Are there particular constraints that shaped your approach?
There are circumstances that are unique to Mumbai. You have to respond to the density of buildings and the density of population. There are places in the US where you might worry how many people would come to the place, a café, say. In Mumbai, you don’t have to worry – if you build it, they will come. Most high-rise residential buildings here, what we’ve seen in the past two years, are low-rise building typologies extended upwards. In that sense, World One is a typological shift in apartment building in Mumbai.

What kind of cultural factors did you have to take into account?
Ideas about vastu, about family and extended family and relationships with service have been important. If you were to go to a New York apartment, you would find the kitchen also being used as a social space, and that was how it was in some of our early designs. But we found the kitchen is still seen here as a service space. The other thing that’s important is climate and the role of indoors and outdoors.
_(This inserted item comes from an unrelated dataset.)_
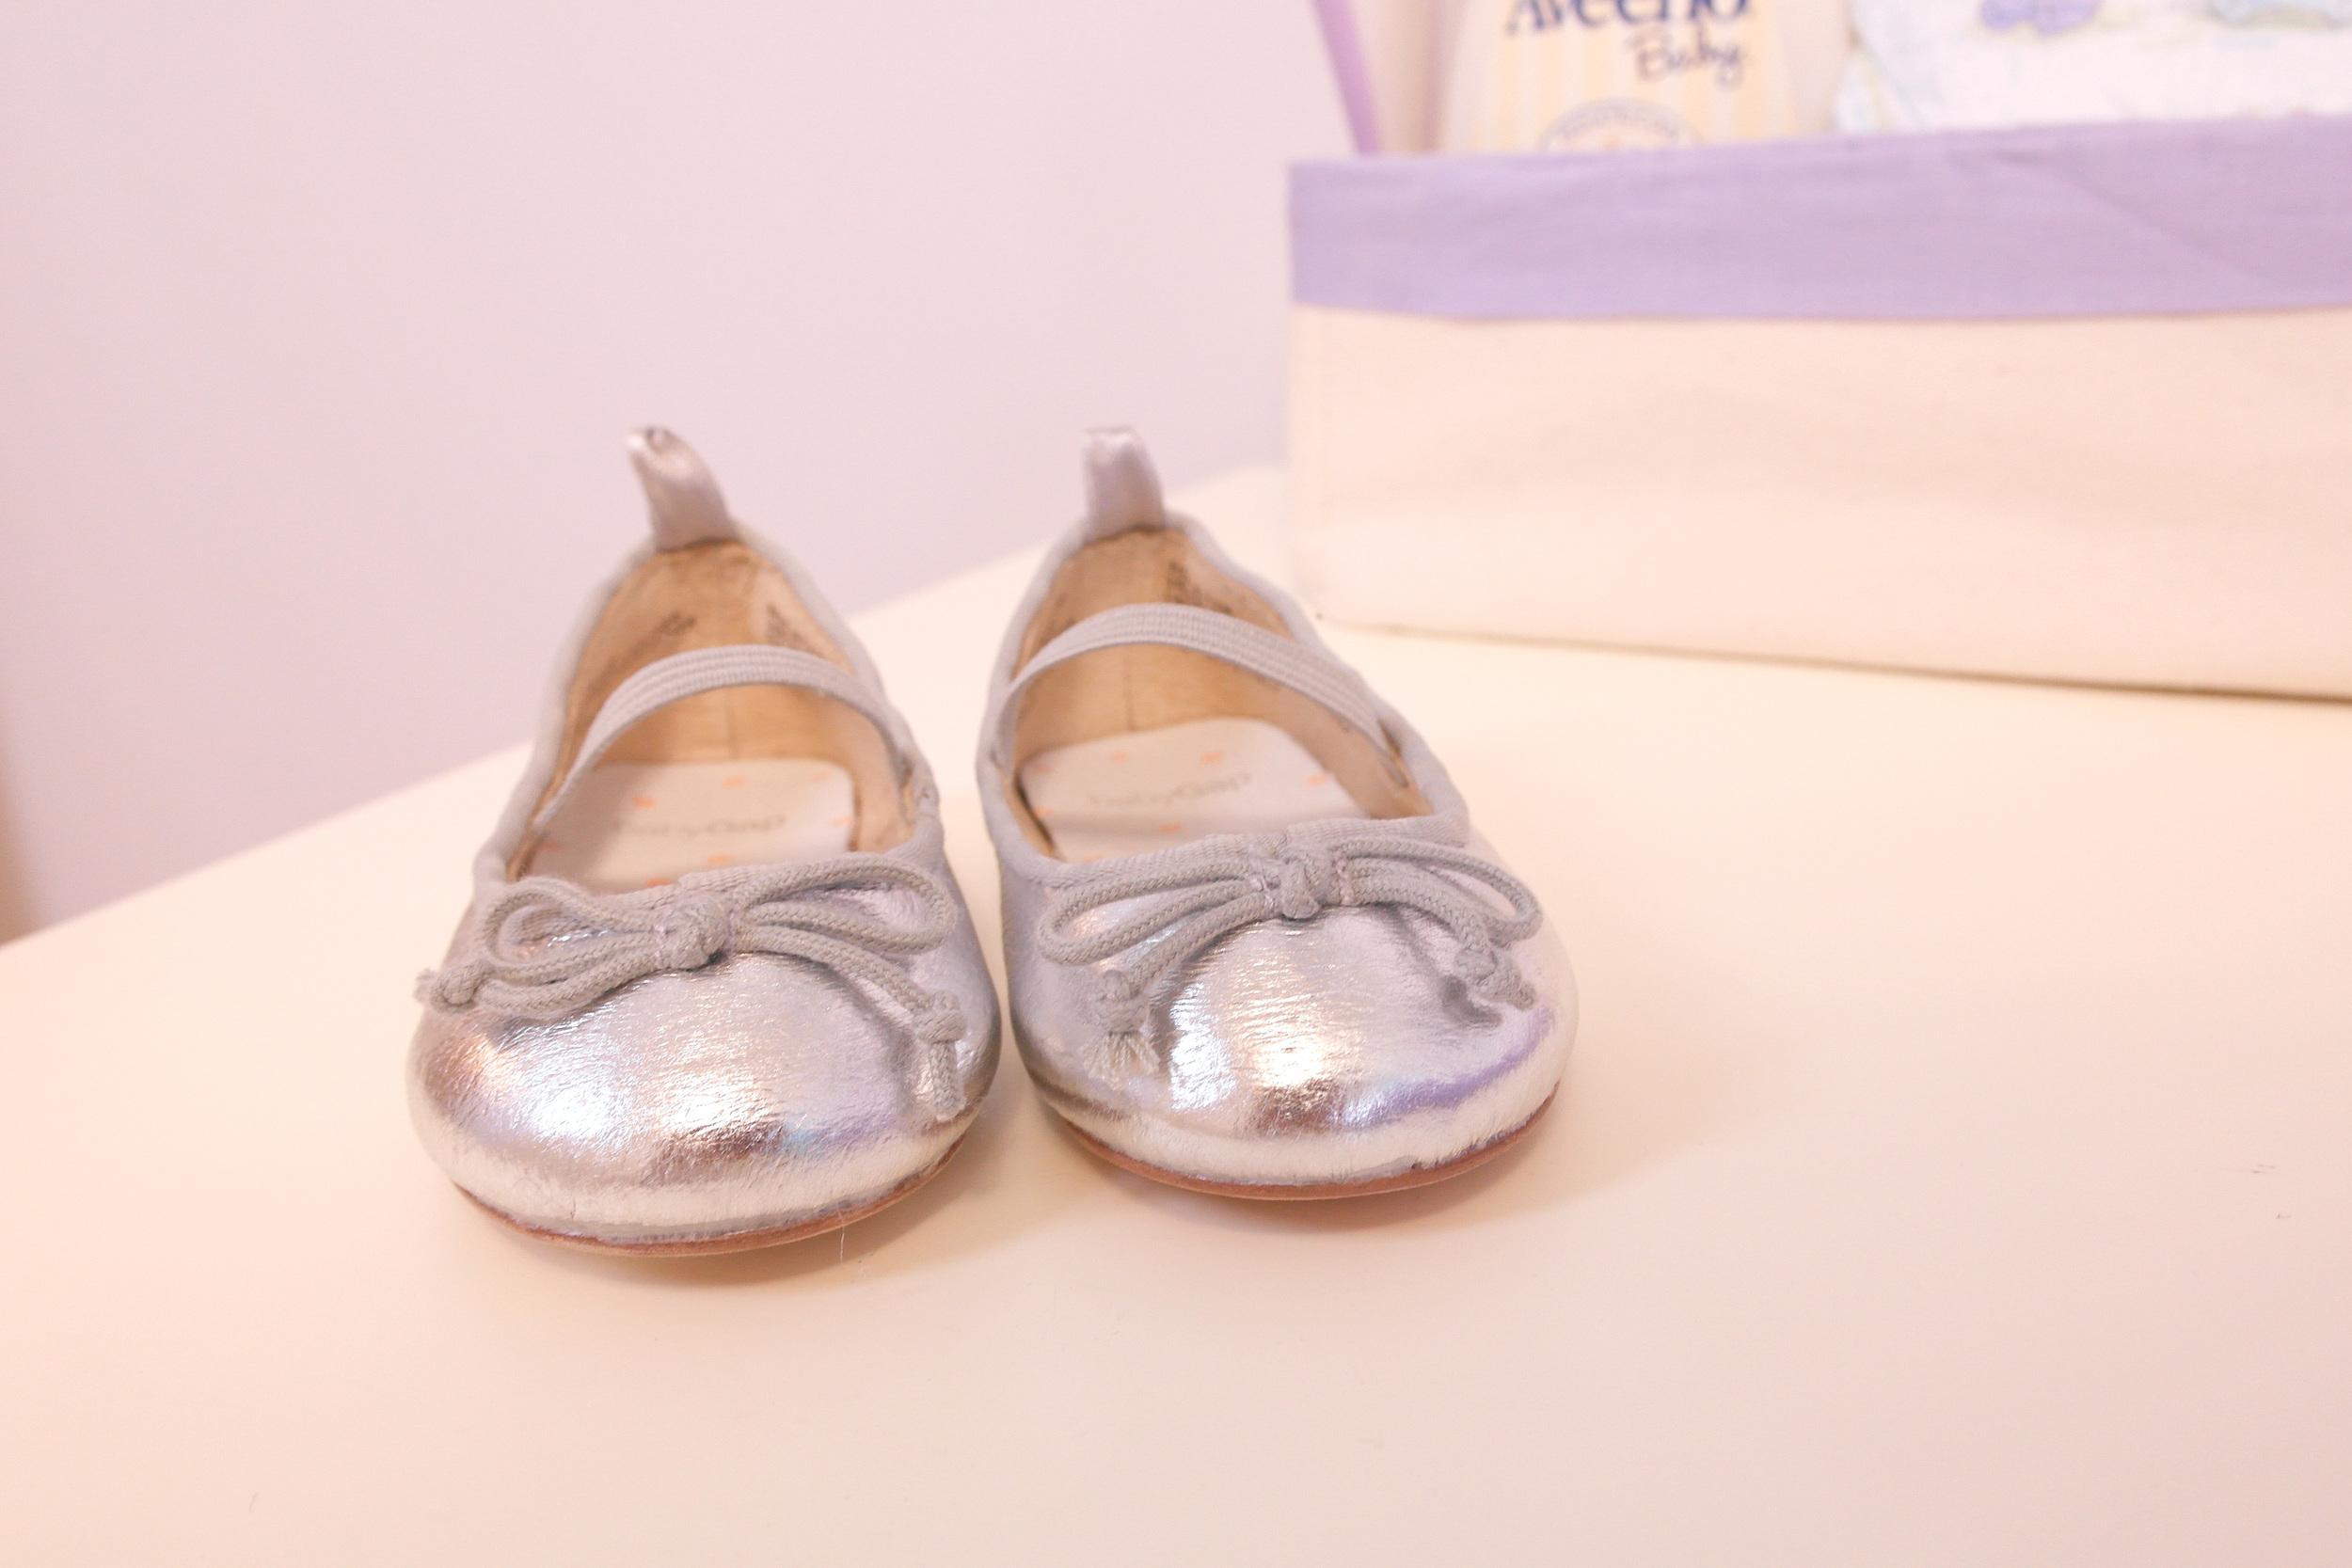 Amelias-Decorating-and-Design-New-Jersey-Interior-Design-Baby-Veroncia-Nursery-Design-silver-baby-shoes.jpg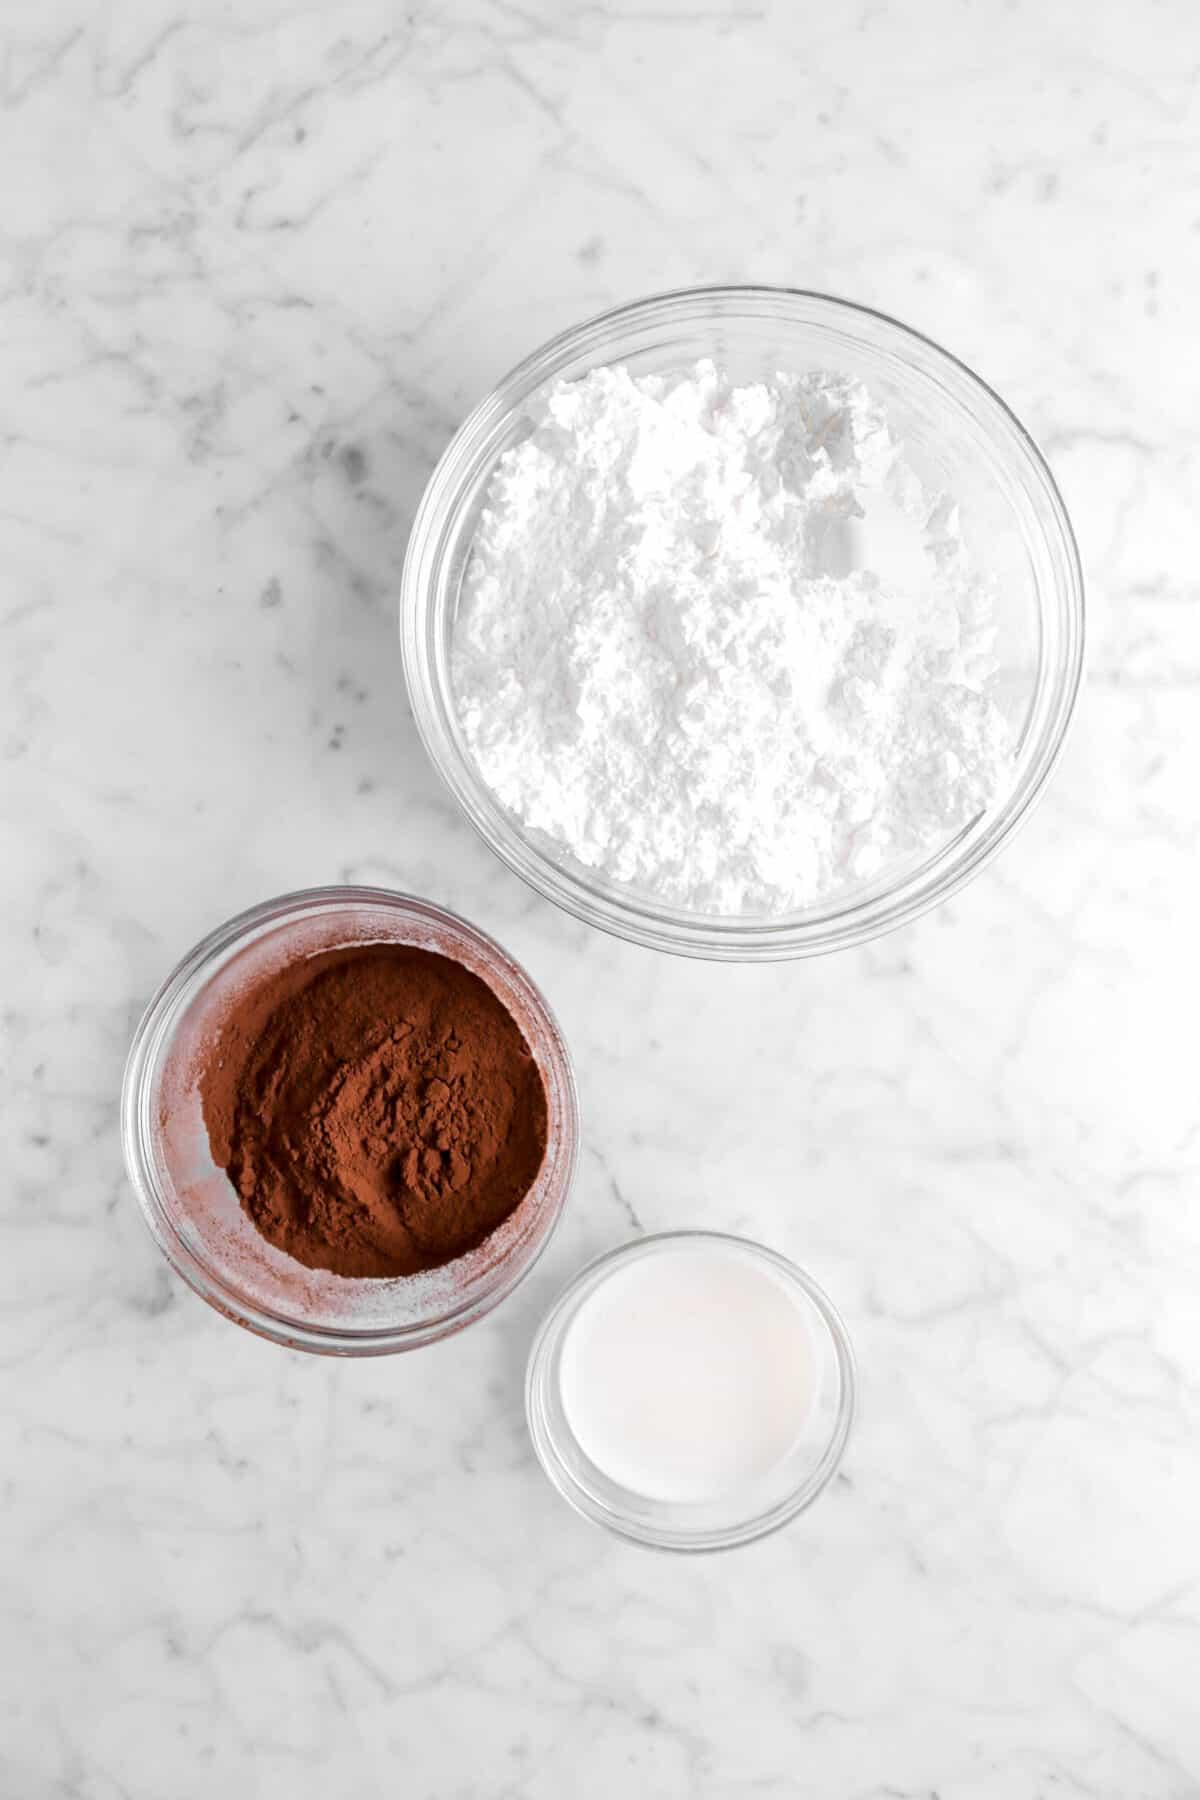 powdered sugar, cocoa powder, and milk in glass bowls

Very tall build- ings in most places rarely have the kind of outdoor space, the terraces and cross-ventilation that people in Mumbai demand and expect.

Are the expectations of local clients and international architects different?
Generally, international architects are brought in because clients want modern, international, world class standards. The architect often comes hoping to find in the locality something that makes that project special to them. I feel like we are striking a good balance between those tensions – to both reflect the aspirational [desires of the client] and in terms of materials or design also reflect the local.